The following are prepared analogously: 2- [4- (4-chlorophenoxymethyl) phenoxy] propionosurehydrazld, M.p. 1330C; 2- [4- (4-chlorophenoxymethyl) -phenoxy] -propionic acid-2-hydroxyethylamide, Mp 111 ° C; 2- [4- (4-chlorophenoxymethyl) phenoxy] propionic acid diethynolamide, m.p. 117 ° C.

Example 11 2- [4- (4-chlorophenoxymethyl) phenoxy] propionic acid diethylamide 6.1 g of the propionic acid obtainable according to Example 2 are dissolved in 50 ml of abs. Tetrahydrofuran, add 3.24 g of 1,1'-carbonyldiimdazole and heat. After standing for about 4 hours 1.5 g of diethylamine are added at room temperature. The mixture is left overnight stand, then evaporate the solvent in vacuo on a rotary evaporator and stir the residue warm with toluene. Rub in the imidazole to crystallize brought. Leave for 3 hours stand, vacuum and remove that Solvent in vacuo.

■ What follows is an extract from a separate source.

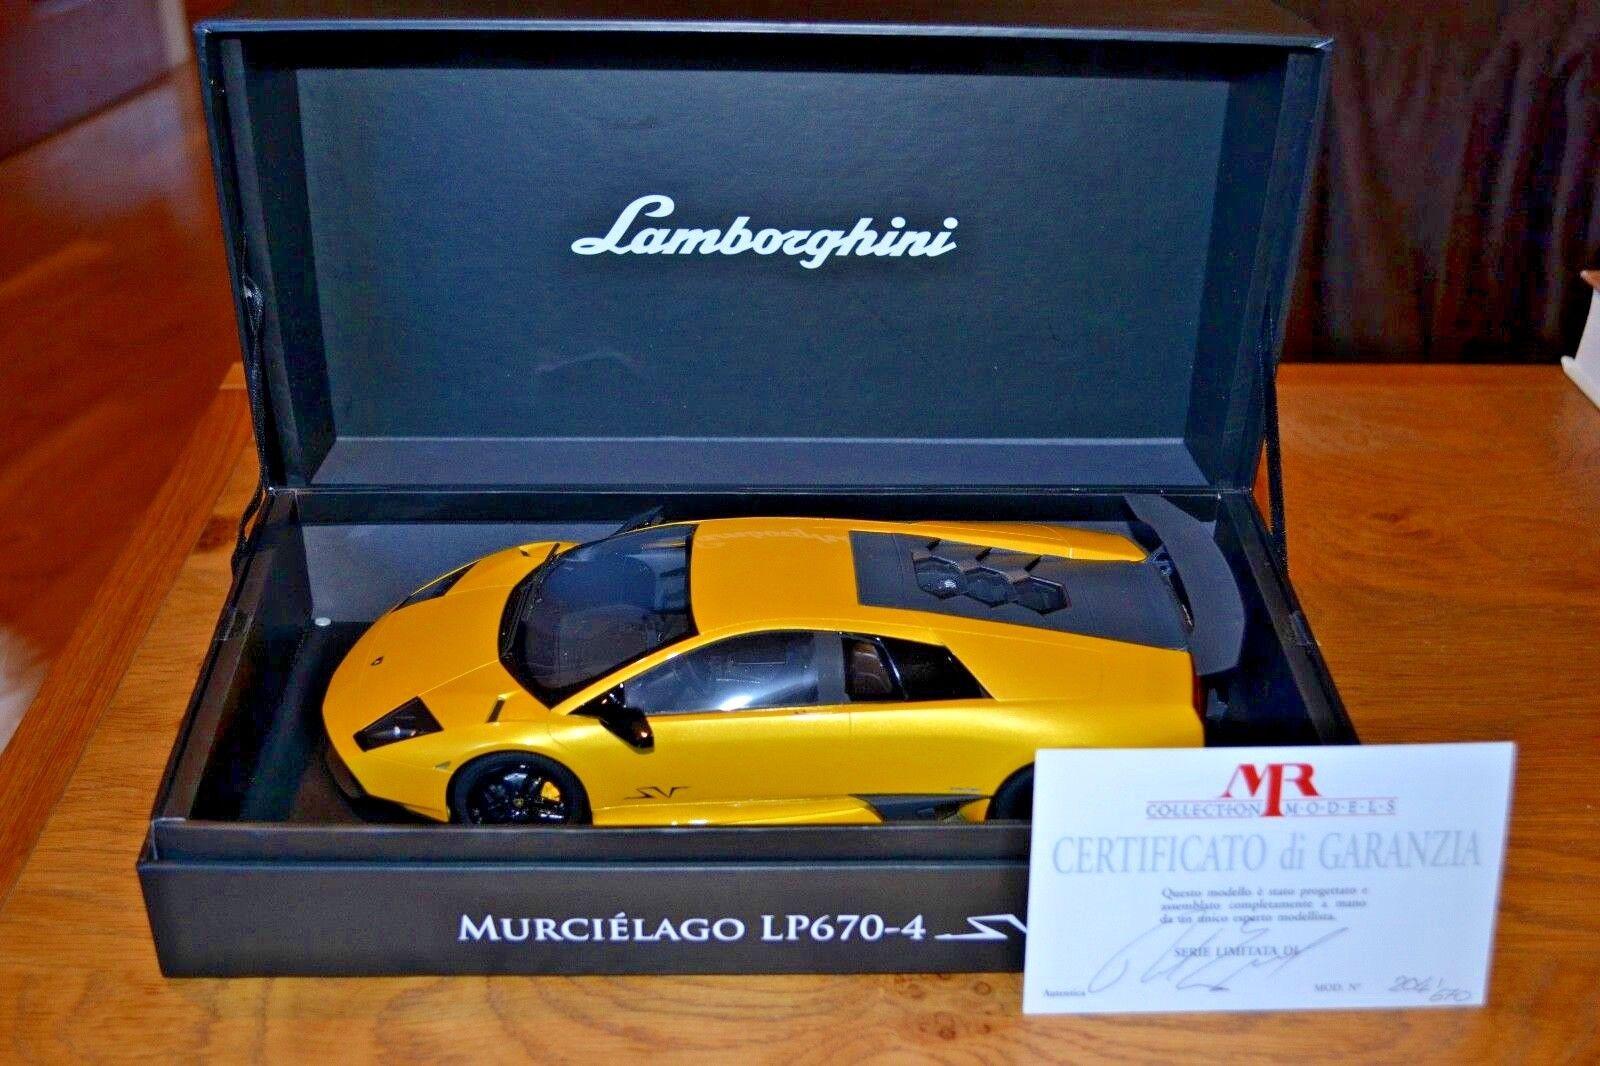 La passion illumine Noël, tous les bons cadeaux cadeaux cadeaux sont en Irak. 1/18 MR COLLECTION MODELS Lamborghini Murcielago LP670-4 SV avec certificat | Elaborer  | 2019  2f6f8e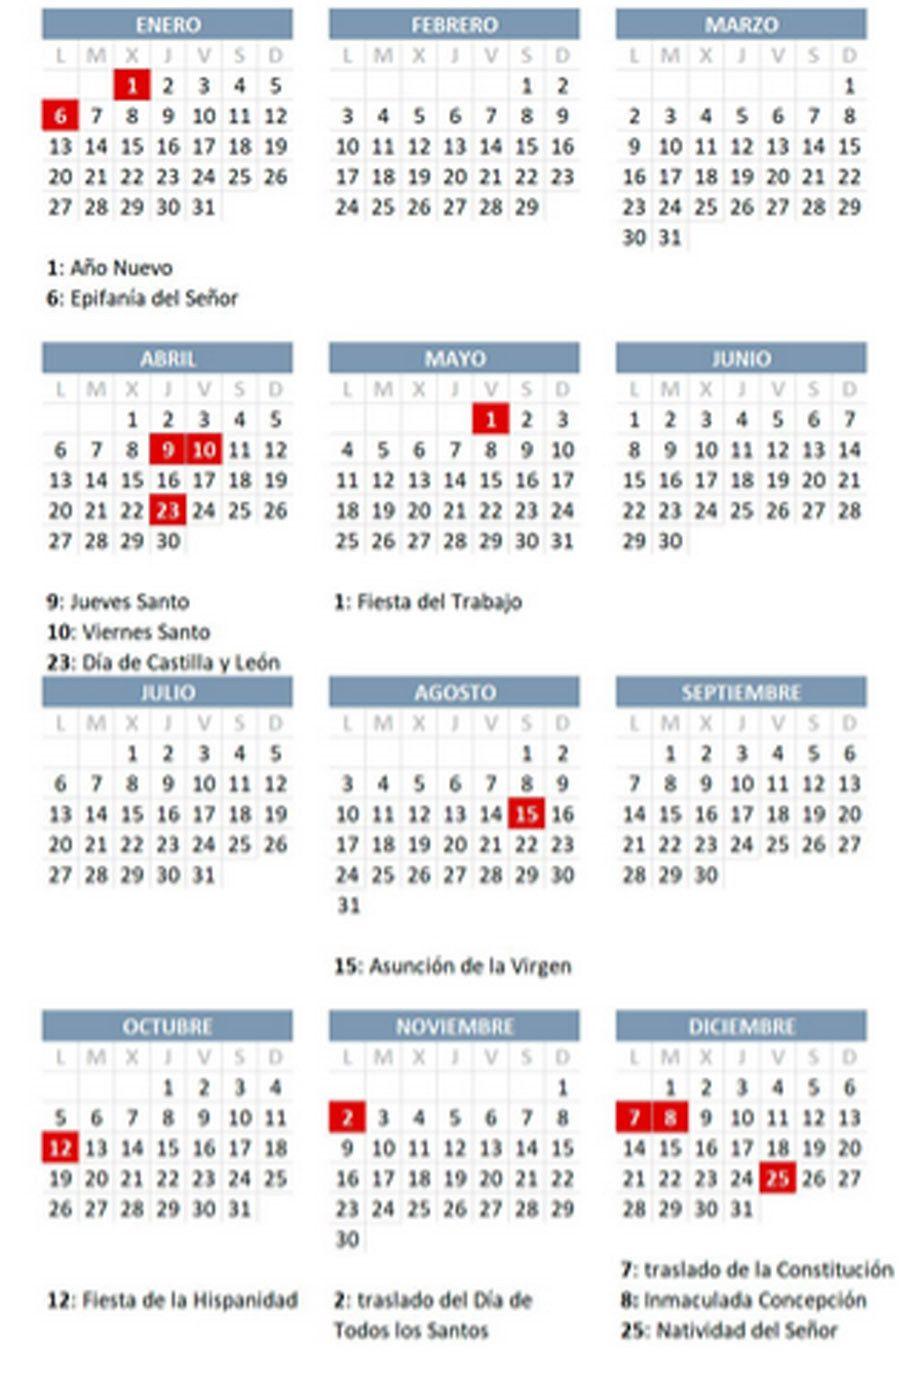 2020 Calendario Laboral.Calendario Laboral 2020 Consulta Todos Los Festivos

The oily residue crystallizes by trituration with water brought.

Yield: 4.5 g (62% of theory); M.p. 520C.

In the analogous preparation of 2- [4- (4-chlorophenoxymethyl) -phenoxy) -propionic acid cyclohexylamide when working up, after the tetrahydrofuran has been distilled off, the residue recrystallized from ethanol / water.

Yield: 5.8 g (75% of theory); Mp 138 ° C.

The compounds of Table 3 are obtained analogously.

Table 3 Compounds of the formula I (R1: C1; R2: H) No. R3 melting point [° C] L VJ 1 -NH-CH2-CH = CH2 98 2 -NtCH2-CH = CH2) 2 oil 3 -NH- (CH2) 3-N (C4H9) 2 58 CH j3 4 -NH-CC = CH 127 CH3 5 NH-C (CH3) 3 114 6 11 183 6 18? Example 12 2- [4- (4-chlorophenoxymethyl) phenoxy] propionic acid n-butylamide 6.4 g of the methyl ester obtainable according to Example 1 are dissolved in 60 ml of methanol, and 6.0 g of butylamine are added.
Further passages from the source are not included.